I’m using this in work, and I’m having to explain it a lot, so I’m writing this entry to help myself clarify and simplify my personal understanding of this principle, as well as to have a place to send people who ask.
Pearson’s Correlation Coefficient (r, for samples) is the degree and direction of relation between two variables and ranges from perfect positive correlation (1.0) through no correlation (0.0) to perfect negative correlation (-1.0). If the correlation is positive, the first variable increases or decrease as the second increases or decreases. If the correlation negative, the first variable increases as second variable decreases and vice-versa.
Correlation can be understood, to an extent, by rank order of the first and second variables. If Johnny and Jane score 75% and 80% respectively on a pretest, and then 85% and 95% respectively on the post test, r would be a perfect 1.0 because Johnny’s score was lower in both cases. This would hold true even if Johnny scores 94% (still lower than Jane’s) on the post test, but not if his post test score exceeds Jane’s. At that point, r is a perfect -1.0. With only two cases, r will always be 1.0 or -1.0, but of course, such clear cases are rare.
Extreme r can be visualize through plotting a line for each case from their first variable value to their second variable value. Here are three graphs for simplistic 1.0, 0.0, and -1.0 correlations.
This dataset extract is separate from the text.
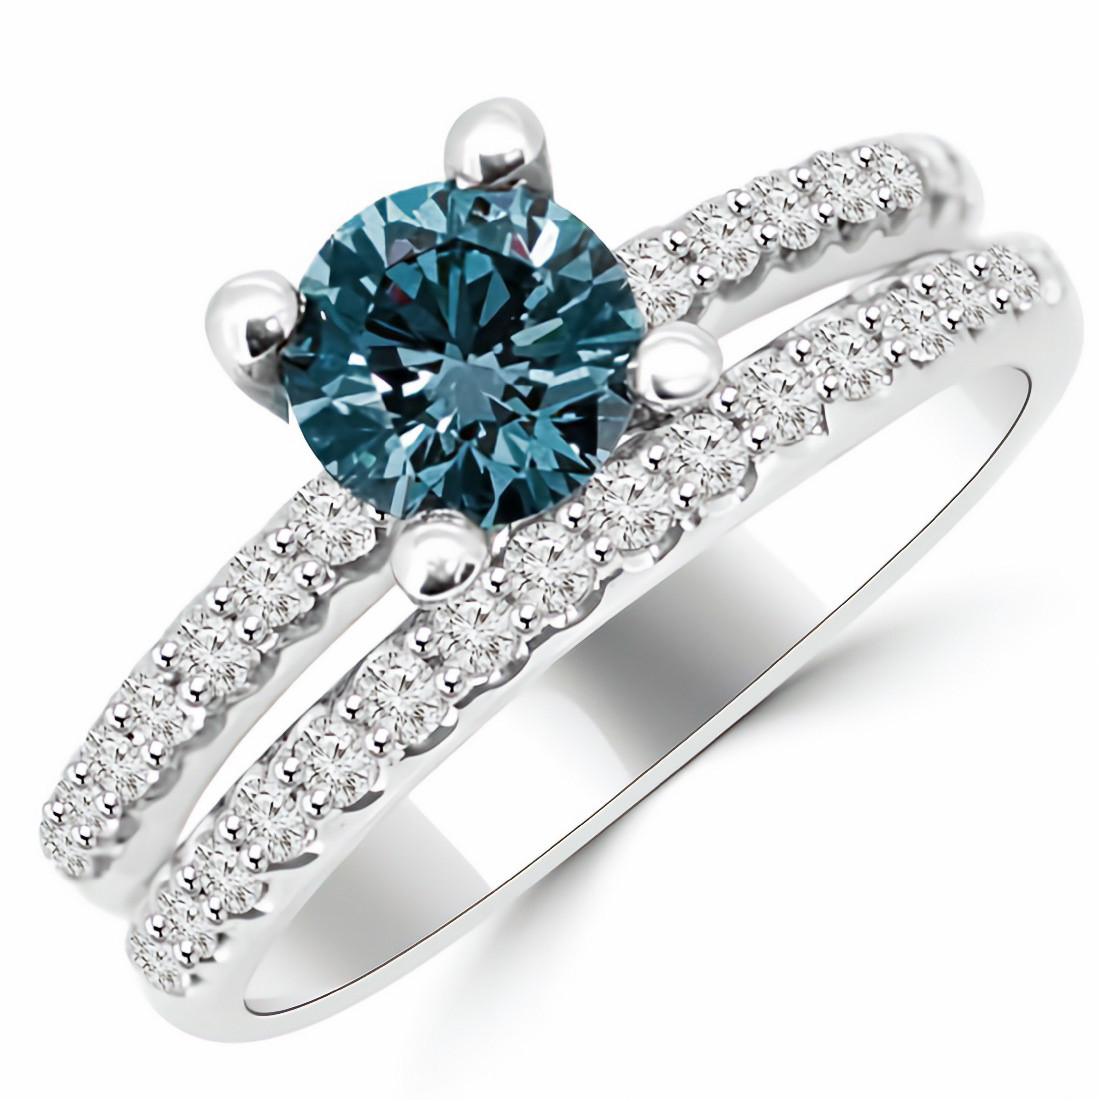 Matching Blue Diamond Engagement Wedding Ring

It’s a bit more difficult to spot non-extreme correlations with large numbers of cases:
166 cases, r= .71
166 cases, r= -.70
166 cases, r= -.13
For a real world, example, we looked at two variables (intensity of study and score on admissions test) for 166 Middle East language students. We found there to be basically no correlation between the two variables (r=-.04) Here’s the graph, and a close up of the chaos.
Notes:
It’s cliché, but correlation does not mean causation. The sun coming up may correlate with an increase in sewer pressure, but the sun has little direct effect on this. All r indicates is how to variables relate to each other, not what causes this.
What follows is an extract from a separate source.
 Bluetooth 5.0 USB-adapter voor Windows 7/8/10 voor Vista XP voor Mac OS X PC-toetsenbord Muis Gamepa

I once heard an M.D. on the news say, “80% of type-2 diabetics are obese, so it doesn’t take a Ph.D. to see the connection.” Well, actually, I guess it does. A Ph.D. (sh|w)ould point out that the two conditions may actually be caused by a third, present in both cases. (I’m not saying obesity doesn’t lead to diabetes, just that this statement was not a good argument for it.) Sadly, we, as a society are conditioned to think in terms of percentages, “grade levels”, etc. And very few of us are not convinced by their face validity.
Correlation cannot be determined if the sample size is 1, because the standard deviation of a single sample is 0 and to compute correlation, one must divide by the standard deviation, and one cannot divide by 0.
r can be tested for significance, but its square is often considered more important because it can be interpreted as the percentage of variance in the second variable that can be accounted for by the first (and vice-versa). Thus, r2, is called the coefficient of determination.